MJM: Did writing the novel illuminate anything about your own identity and the various labels you have assumed?

Sigal Samuel: One thing I really had to think through when writing this book, was that because I had chosen the setting of the Hasidic Mile End, it made sense for most of the Jewish characters to be Ashkenazi. My family is Mizrahi, we are from India, Iraq and Morocco, so I had to think through the question of writing Jewish characters who are in some ways like me, but also different. This felt very natural to me because I grew up in an Ashkenazi dominated environment, but I definitely went through a process of not wanting to write a novel that was too definitively Ashkenazi, to contradict a sentiment of minority members of the Jewish community who feel that they aren’t represented in literature. I actually purposely chose an ambiguous Jewish surname because I didn’t want to exclude any Jewish readers if I didn’t have to. I also think that when I was young, I didn’t really realize that I had been mapped as different in the Ashkenazi-dominated community I was raised in, in my family’s customs, and I think this is one way that I really relate to my characters, in being both an insider and an outsider.
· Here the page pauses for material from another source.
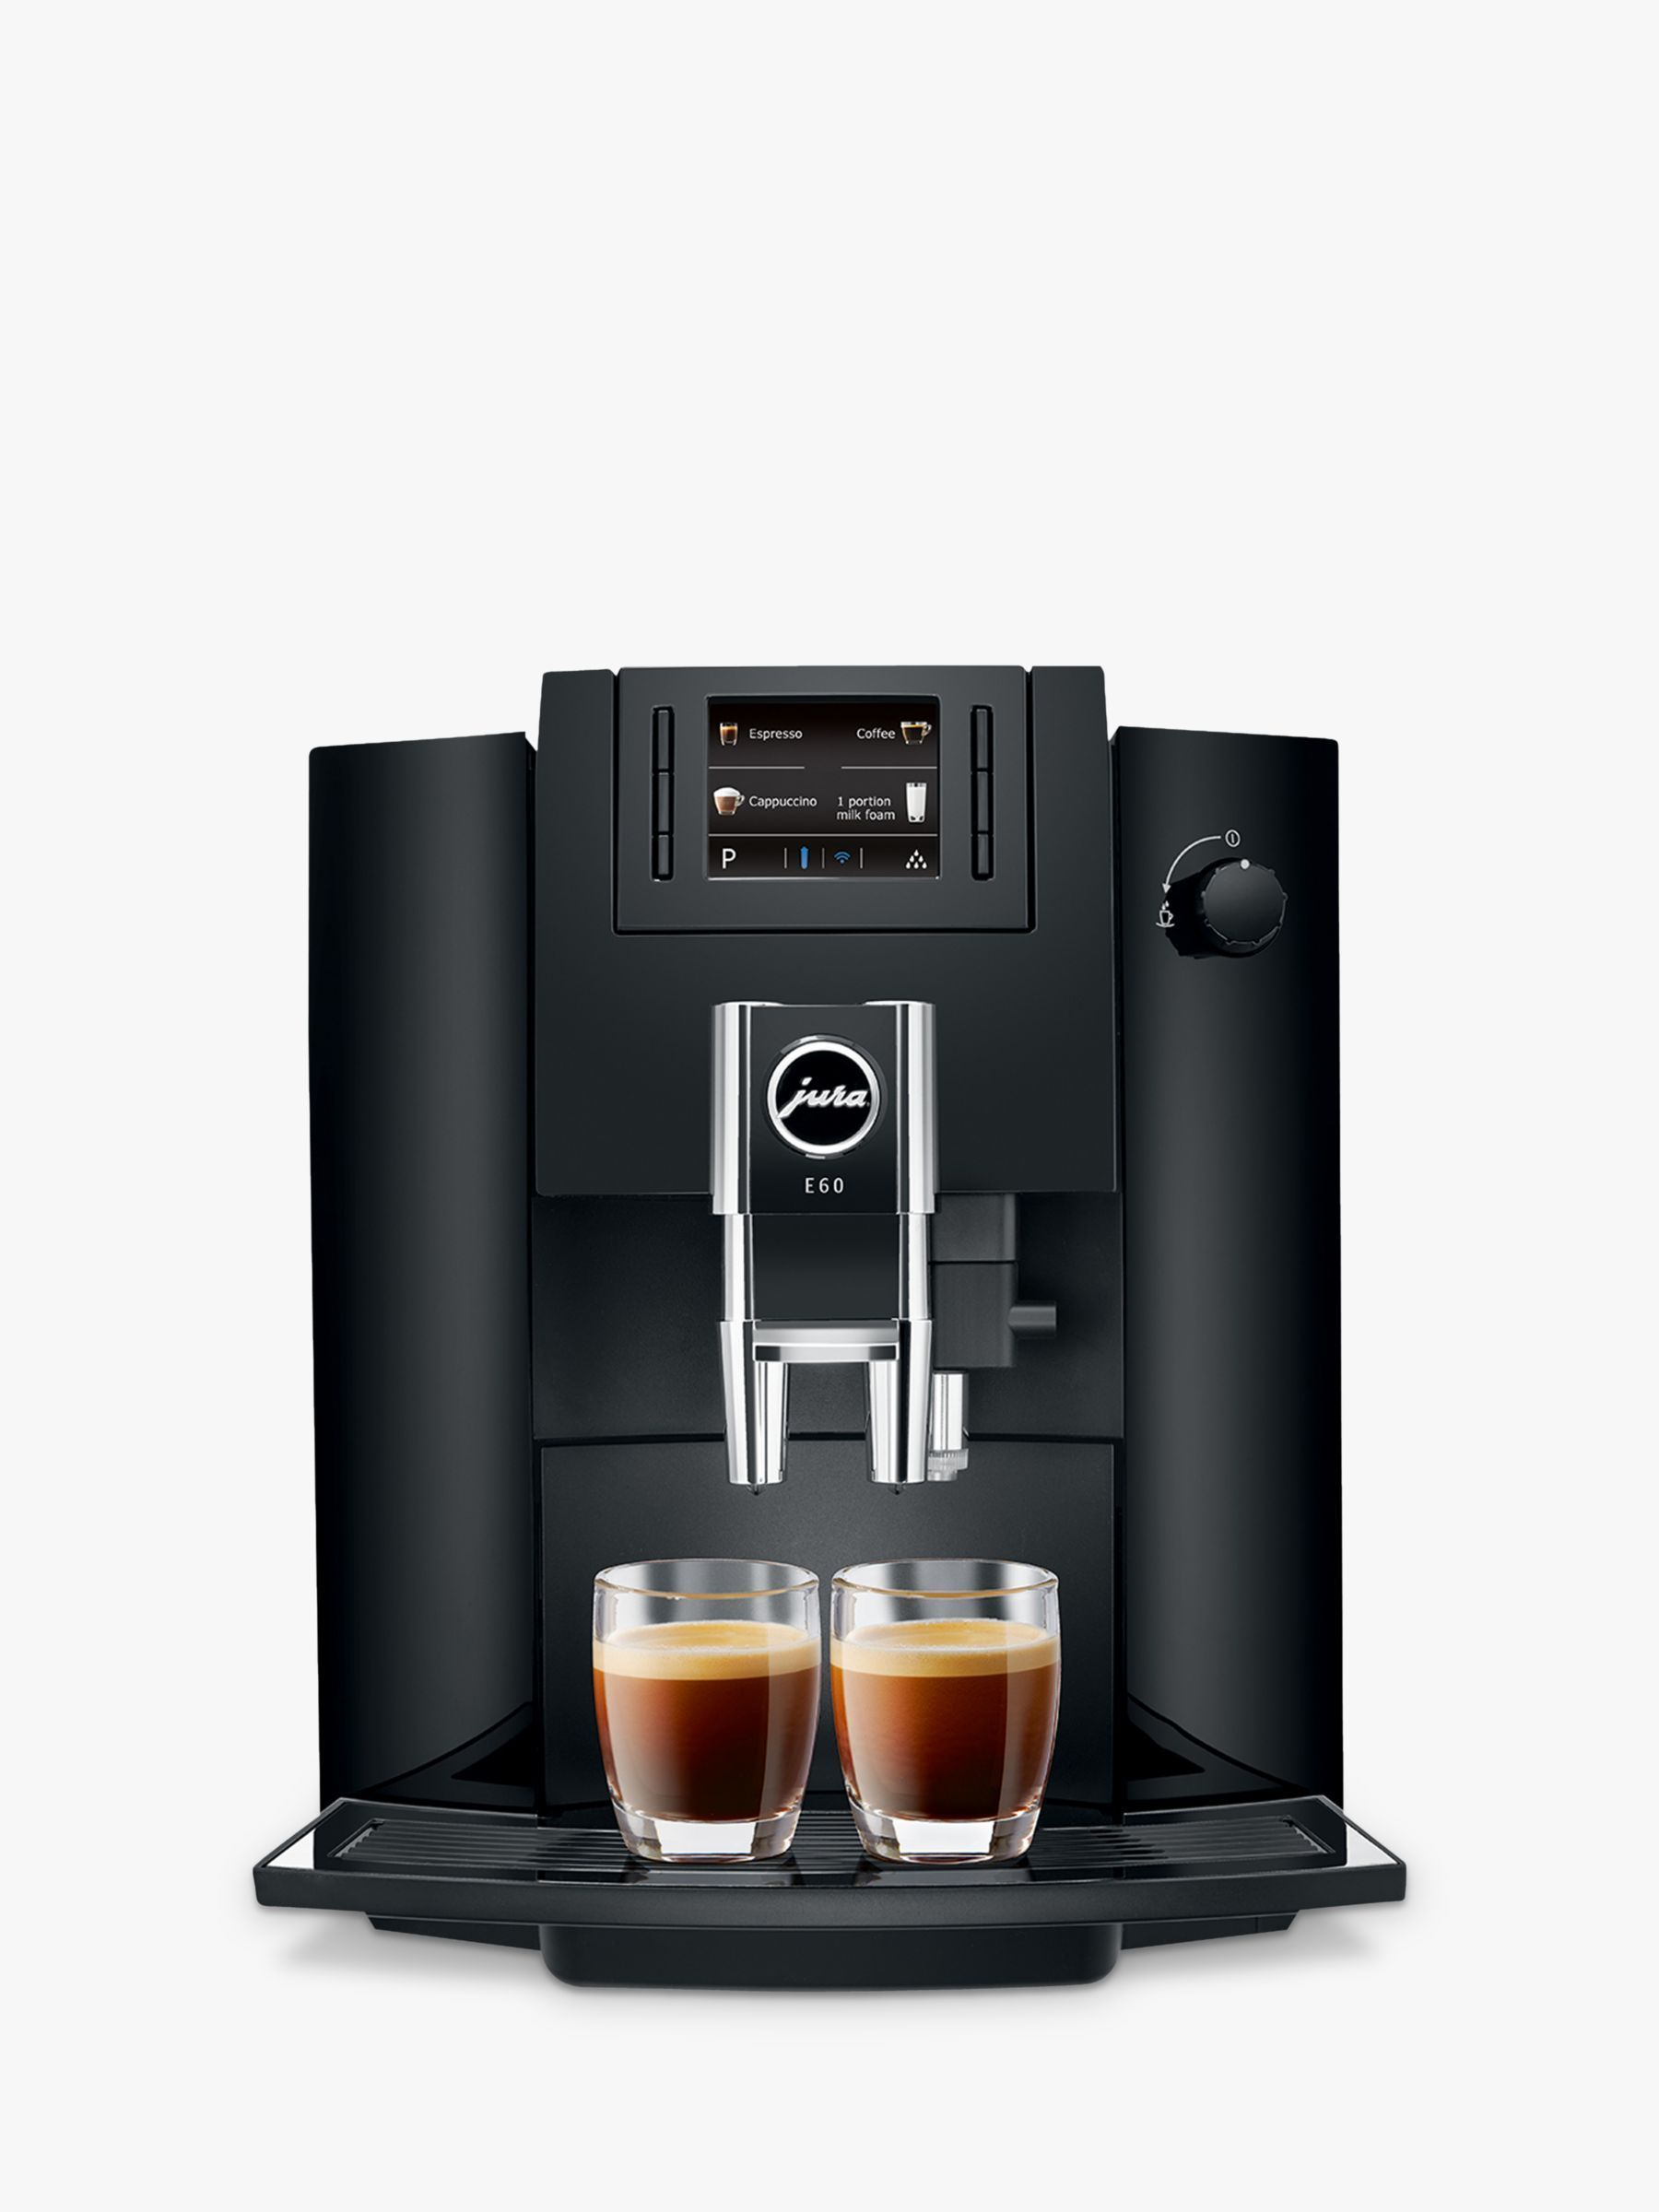 jura coffee maker how to use

MJM: Do you think that personal labels are consciously chosen or assigned? If chosen, do you think that any of your characters focus precociously in curating these labels?

Sigal Samuel: There is a lot of snobbishness in the book and in the characters. David, for example, is often mocking all the hipsters in the Mile End and defining himself against them. He also demarcates his students as either aspiring professors or aspiring saints [laughs]. In contrast, his daughter Samara defines herself both as feminist and as queer. She never explicitly says that, but I think it is because it is so obvious and innate to her identity. Then for Lev as he gets older and grows more religious, it is purposely ambiguous if he is following Hasidism or Orthodoxy, because his religious identity is fluid enough, and it is part of his character to float between worlds. So I think that [the relationship to] a personal label varies very much depending on the psychologies of the characters.
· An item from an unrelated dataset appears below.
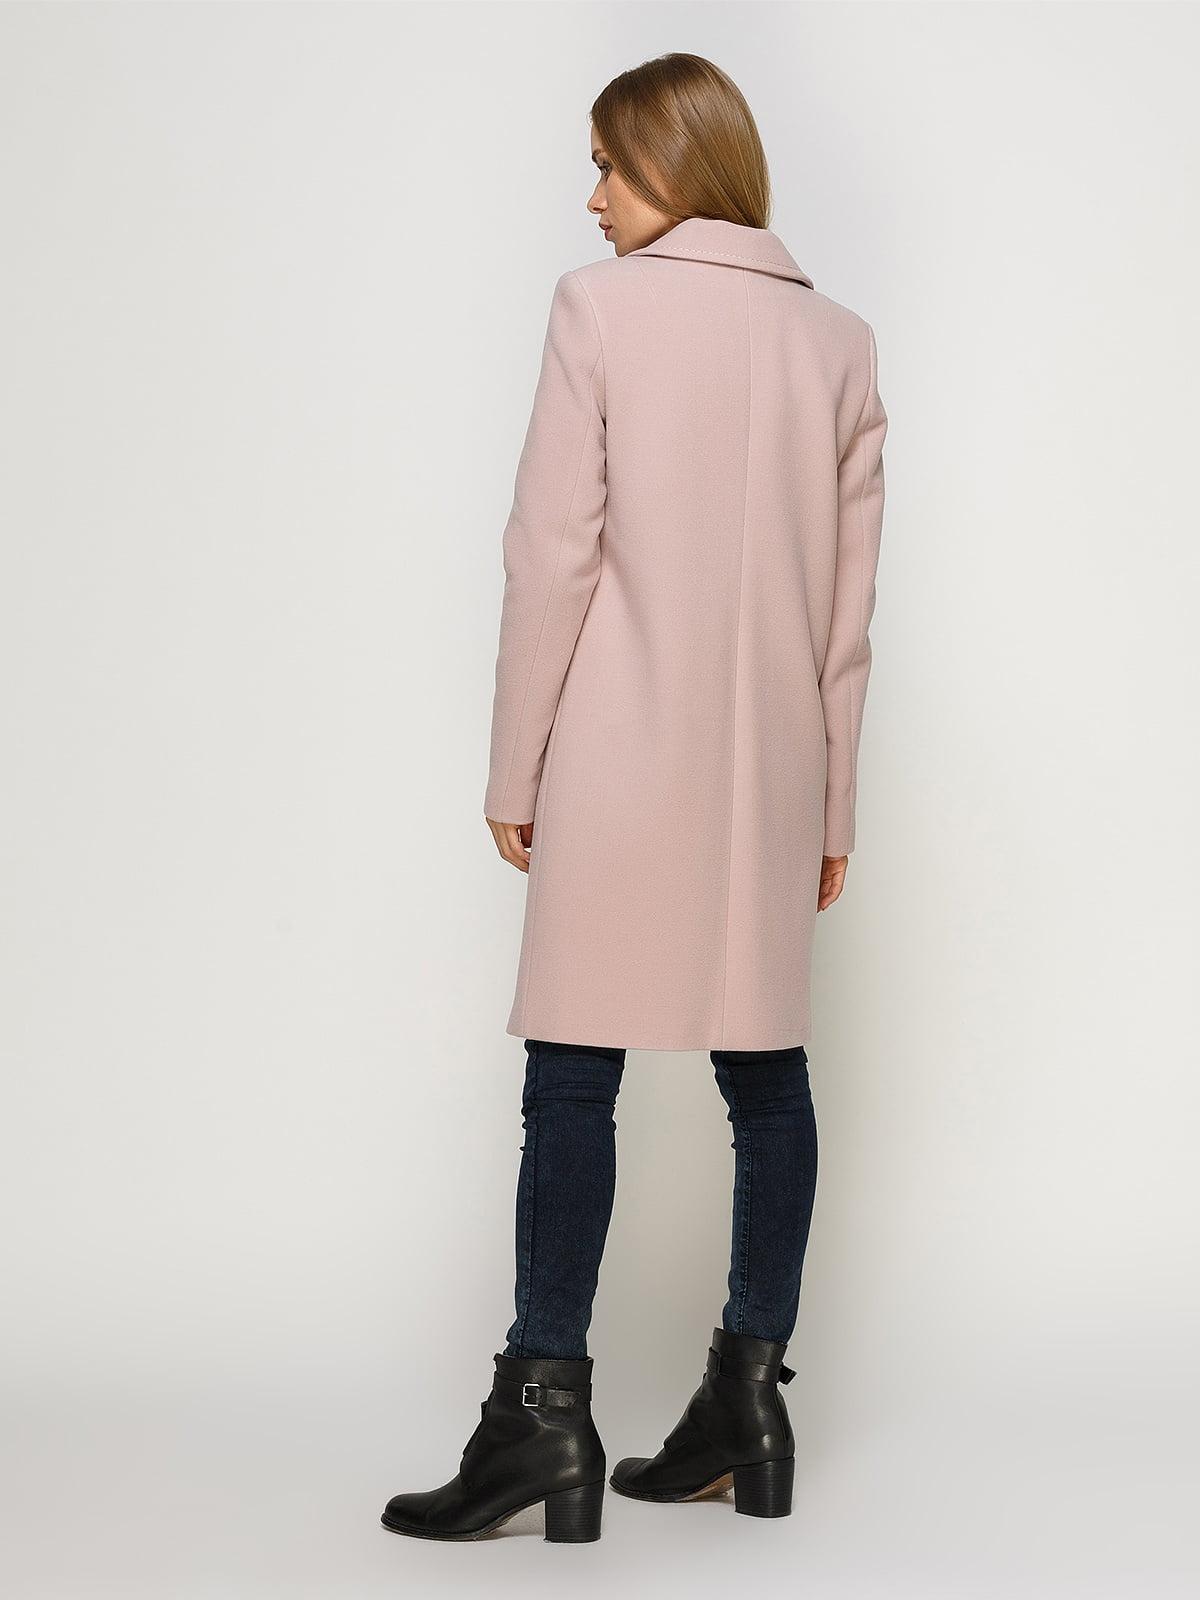 Пальто розовое   4492628   фото 3

MJM: Overall, what are you hoping to convey in the cultural and spiritual wanderings of your characters? Do you think this is universal or specific to Montreal?

Sigal Samuel: I definitely think that it is universal. [My novel] is basically a universal story about what happens when we become obsessed with a religious idea. It is a theme that has been explored in other novels that are not Montreal nor Jewish based. It’s funny because I feel that in some senses, the book is so Montreal, and that Montreal and the Mile End almost becomes a character in the book. But to me this is not a contradiction, because I think that the only way to get at the universal is through the particular. If you try to set out to write a book that is universal, you aren’t going to get at something relatable or believable. [A writer] needs to have the guts to pick out the particulars and trust that human beings will relate to it because there are specific idiosyncrasies that cater to some idea of the universal.

MJM: You now reside in Brooklyn, New York. How does it compare to Montreal in its embodiment of cultures?

Sigal Samuel: I think that part of the reason I live in Brooklyn is because it is the closest thing I can find there to remind me of Montreal. In my neighbourhood I almost feel that I am in Montreal, the streets have similar charm, and I love that there are almost uncountable cultures. I am also surrounded by a parallel muddle of hipsters and Hasidic Jews that are encountered in the Mile End, particularly in Williamsburg. But I like to think that the Mile End is what Williamsburg was 10 years ago, and that so far, there is less obnoxious gentrification [laughs].

MJM: What are you working on now?

Sigal Samuel: So many things [laughs]. I’m currently working on a children’s book called Infinity Hotel that is about a kid who goes into a hotel that looks normal from the outside, has an infinite number of rooms and guests on the inside. I’m also toying with another idea for a novel, set in the Jewish community in Mumbai, which is where my family is from.

MJM: Lastly, New York or Montreal bagels? 

Sigal Samuel: Of course Montreal bagels, and if I may be so bold and risk making a few enemies, I’ll say St. Viateur [laughs].

Learn more about Sigal, and find out how to purchase The Mystics of the Mile End at http://sigalsamuel.com.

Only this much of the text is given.